No 4º dia desta SEMANA JÂNIO SOARES, neste resgate de lembranças e memórias que estão fazendo o Jornal Folha Sertaneja, o site www.folhasertaneja.com.br e a Academia de Letras de Paulo Afonso - ALPA – onde Jânio Soares ocupava a Cadeira Nº 20, encontrei uma das crônicas que Janinho publicou no Jornal A TARDE e também nesse site e nela ele se desmancha em amores pelo rio São Francisco cujas águas banhavam seu terreiro na imortal e sempre lembrada Velha Glória, Curral dos Bois, Santo Antônio da Glória onde viveu a meninice, rodeado e acarinhado por muitas tias, como disse Edson Mendes em outro texto em sua homenagem publicado no segundo dia desta Semana Jânio Soares.
A ideia desta Semana Jânio Soares, lembro a todos, é que o seu aniversário de 64 anos, seria no dia 21 de julho, uma semana antes do aniversário do município de Paulo Afonso, que também completa 64 anos, ambos nascidos no ano de 1958.
Hoje trouxemos o próprio Janinho para conversar em uma crônica derramada de amor pelo seu Rio São Francisco e ele conta as coisas que ouviu numa conversa de amigos de fé, irmãos, camaradas com esse seu amigo e nos revela o que lhe disse esse rio dos seus amores. Ah, se esse rio falasse. Melhor, como diz Jânio, SE MEU RIO FALASSE... conversa ilustrada com imagens do Lago de Moxotó, da Cachoeira de Paulo Afonso e do Cânion do rio São Francisco que fiz em dias em que o sol também foi meu amigo.
Abraço fraterno.
Antônio Galdino da Silva
Jornal Folha Sertaneja
Site www.folhasertaneja.com.br
Presidente da ALPA
Se meu rio falasse
Janio Soares, 29/03/2018
“Olá, antes de entrar no assunto que me trouxe até aqui, gostaria de me apresentar, embora a maioria já deva ter ouvido falar de mim e de meus remansos. Me chamo Francisco, assim como o Papa, o ex-sogro de Carlinhos Brown e o santo gente boa nascido em Assis, na Itália, cujo nome inspirou o meu.
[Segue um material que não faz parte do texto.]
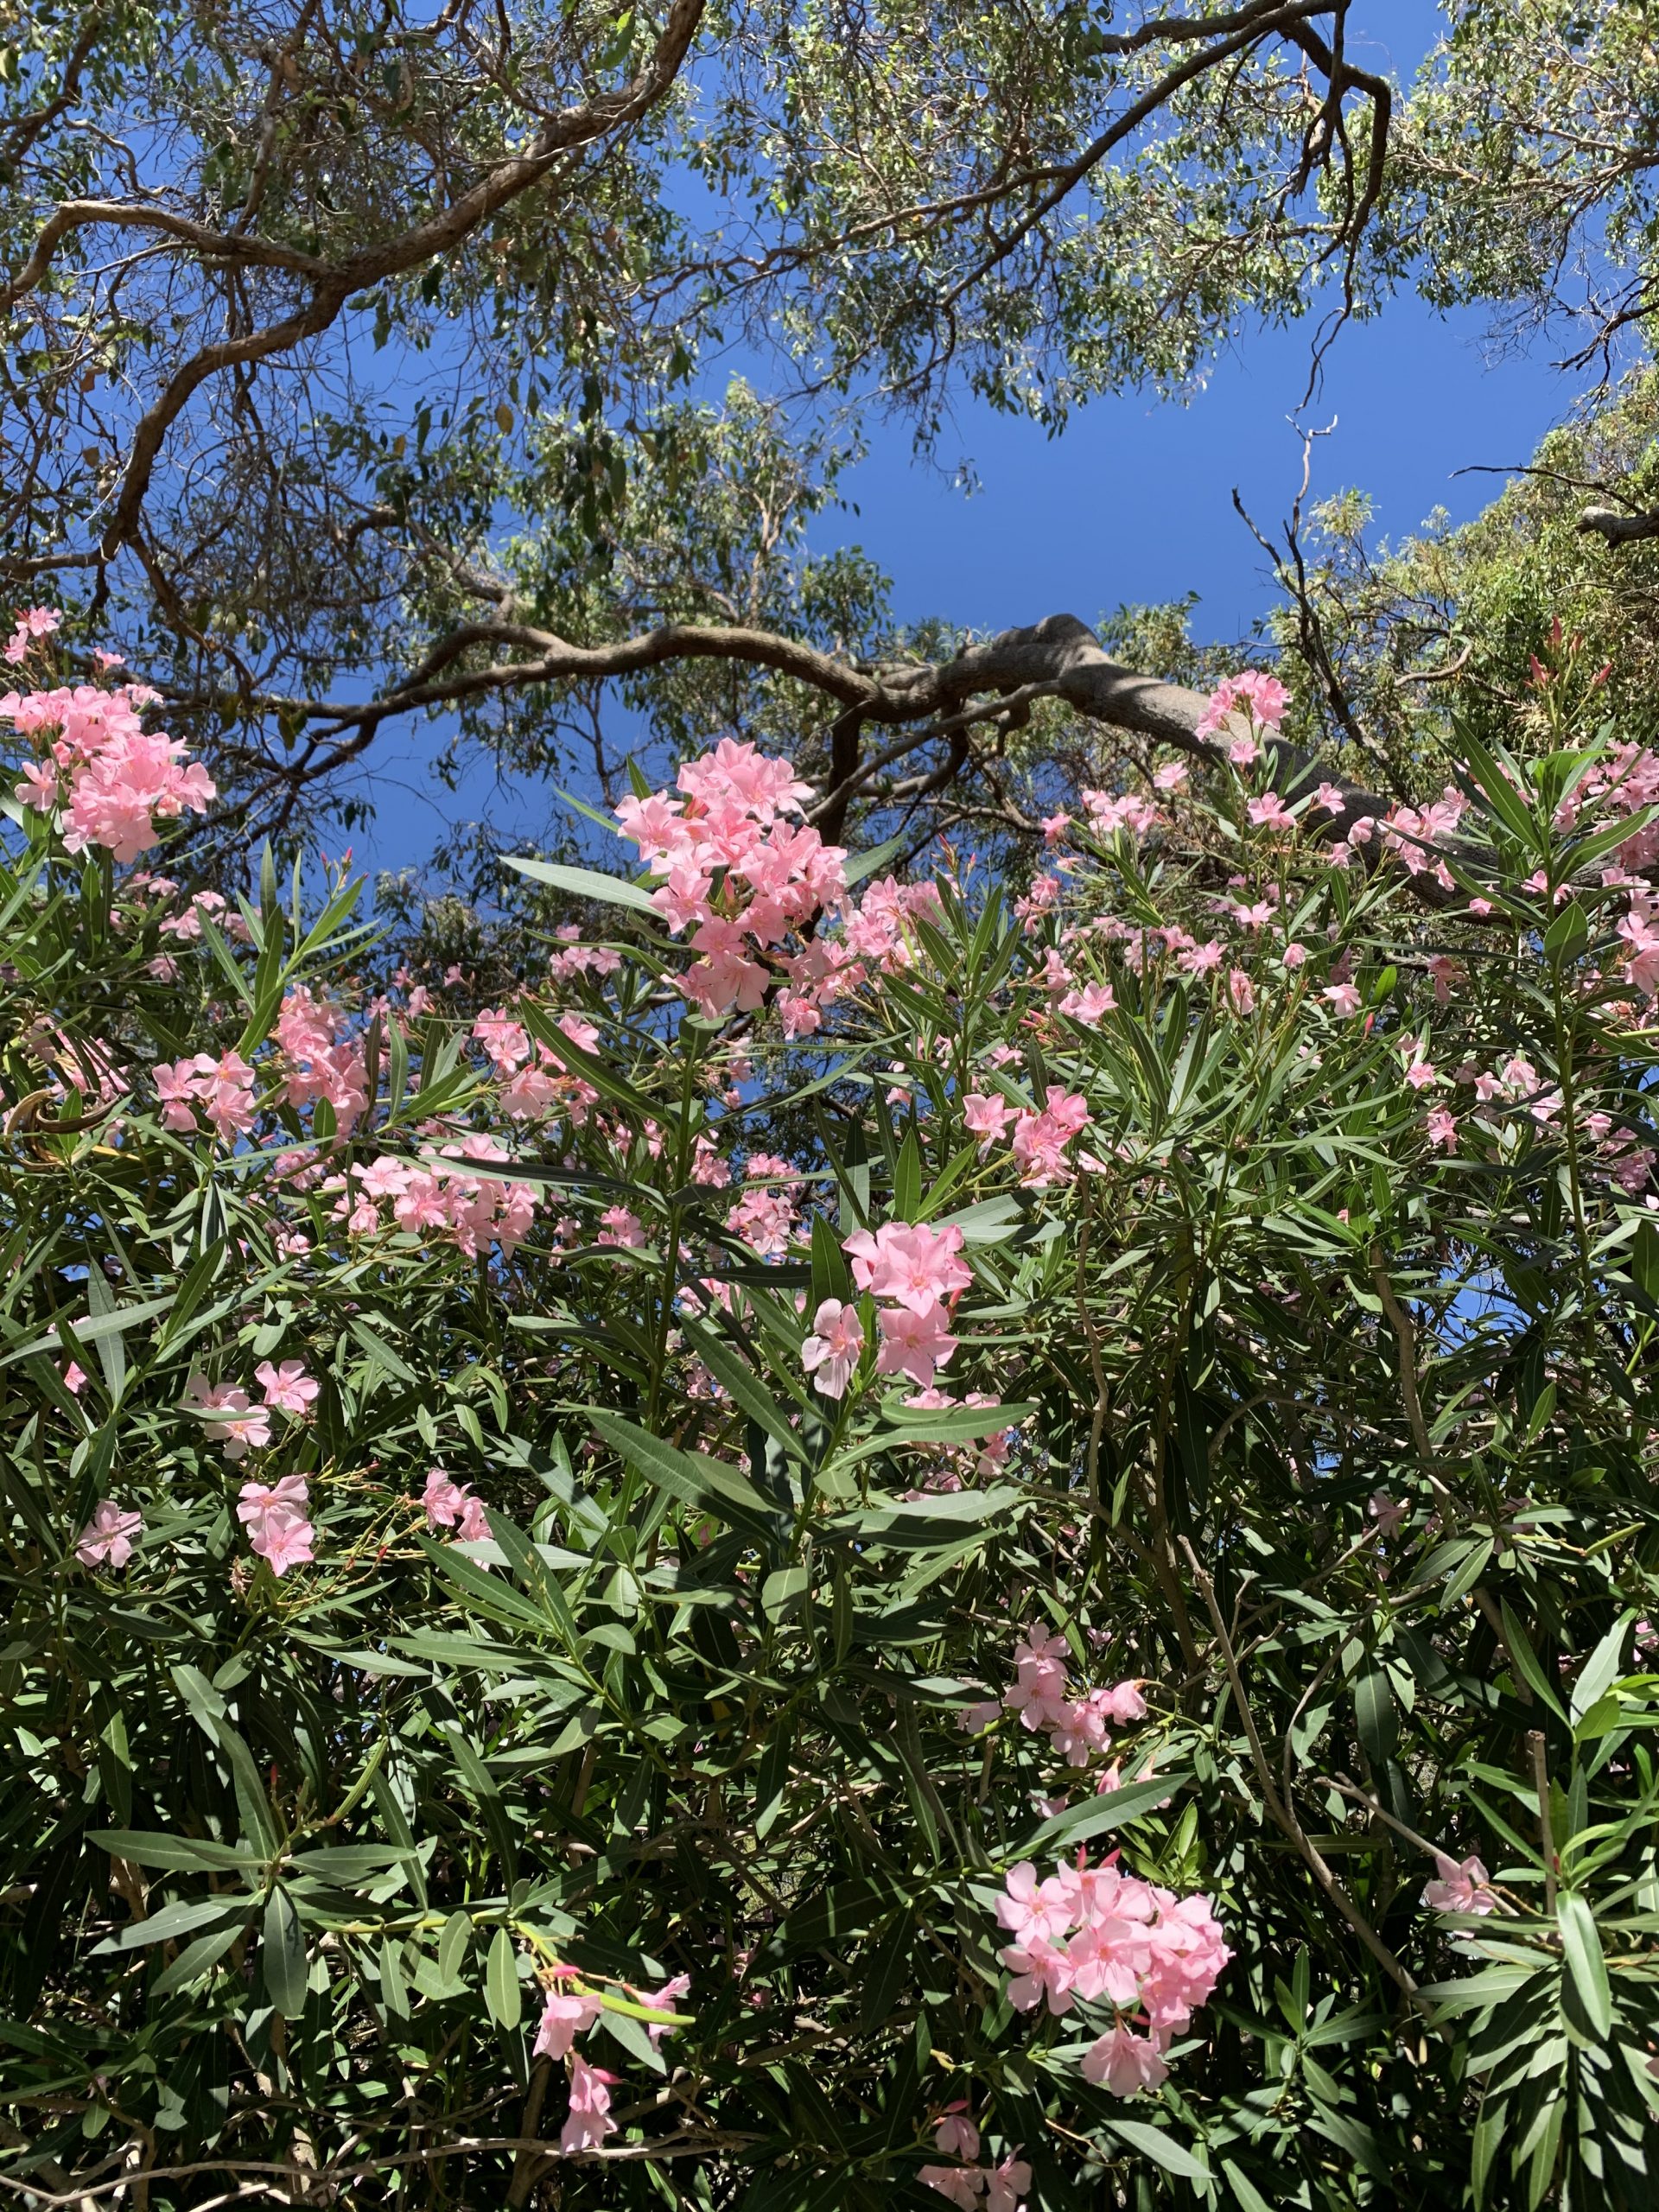 Flower in Australia
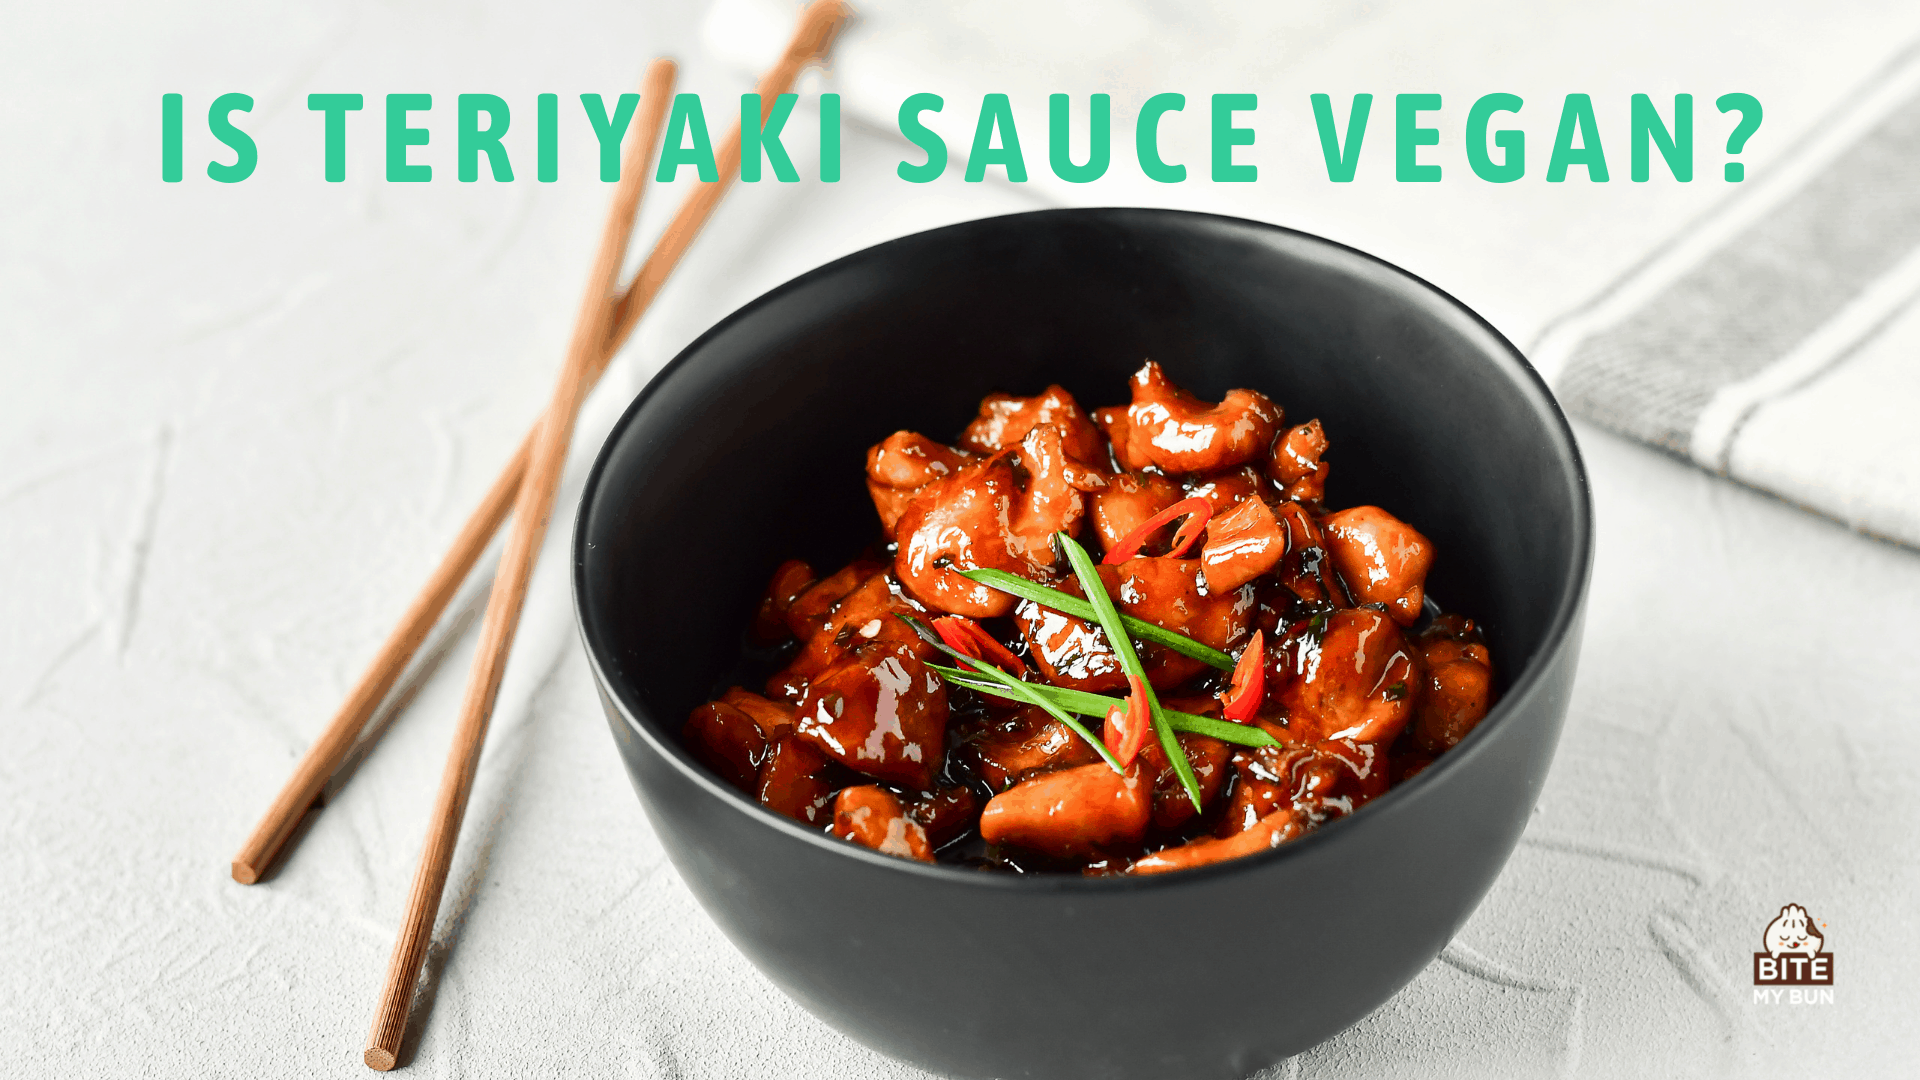 O molho teriyaki é vegano? Verifique os ingredientes!

Apelidos não tenho, apesar de muitos que nunca me viram mais largo insistirem em me chamar de Velho Chico, provavelmente querendo uma intimidade que jamais lhes dei, até porque, se o próprio ribeirinho que me vê todo santo dia nunca me tratou assim, por que diabos um estrangeiro haveria de?
Oficialmente tenho 516 anos, mas, como naquela música que gosto muito e que a moçada canta em minhas margens quando luas me lampejam, eu nasci há uns 10 mil anos atrás e, do mesmo modo que o velhinho sentado na calçada com uma cuia de esmola e uma viola na mão citado por Raul no começo da canção, não tem nada nesse mundo que eu não saiba demais.
De extensão eu tinha 2.700 Km, mas com os desvios que alongaram meu curso e duplicaram meu tormento, perdi as contas. De afluentes devo continuar com os 168 que os livros de geografia cravam, embora só uns 36 me irriguem pra valer. Já de velhas promessas de me revitalizarem ou coisa assim, ah!, seu moço e dona moça, isso é conversa pra Nego D’água dormir.
Como vocês sabem, broto lá em Minas e passeio por alguns estados do Nordeste, onde, nos bons tempos pré-barragens, despencava nos cânions de Paulo Afonso que nem trovoada de verão e depois seguia até bater de frente com o oceano, numa peleja bonita de se ver.
Já hoje, completamente poluído pelas Baronesas que se alimentam dos esgotos que caem em minhas águas (e separado pelas hidroelétricas de Três Marias, Sobradinho, Itaparica, Complexo Moxotó e Xingó – que me dividiram em várias partes tornando-me uma espécie de esquartejado líquido), chego tão desnutrido no final de minha jornada que o mar já penetra alguns quilômetros dentro do meu leito, trazendo com ele mariscos, pescadas e robalos que, queira Deus, convivam em harmonia com minhas traíras e surubins.
Agradeço do fundo de meus peraus sua atenção e me despeço dizendo que mesmo com milhões de metros cúbicos sem oxigênio, partes de mim ainda resistem à espera de algum milagre ou, quem sabe, de ventos do Norte mais constantes, que pelo menos possam provocar um rodízio na minha agonia.
Agora me dê licença que os meninos já vão começar a sessão Beatles. Fui!”.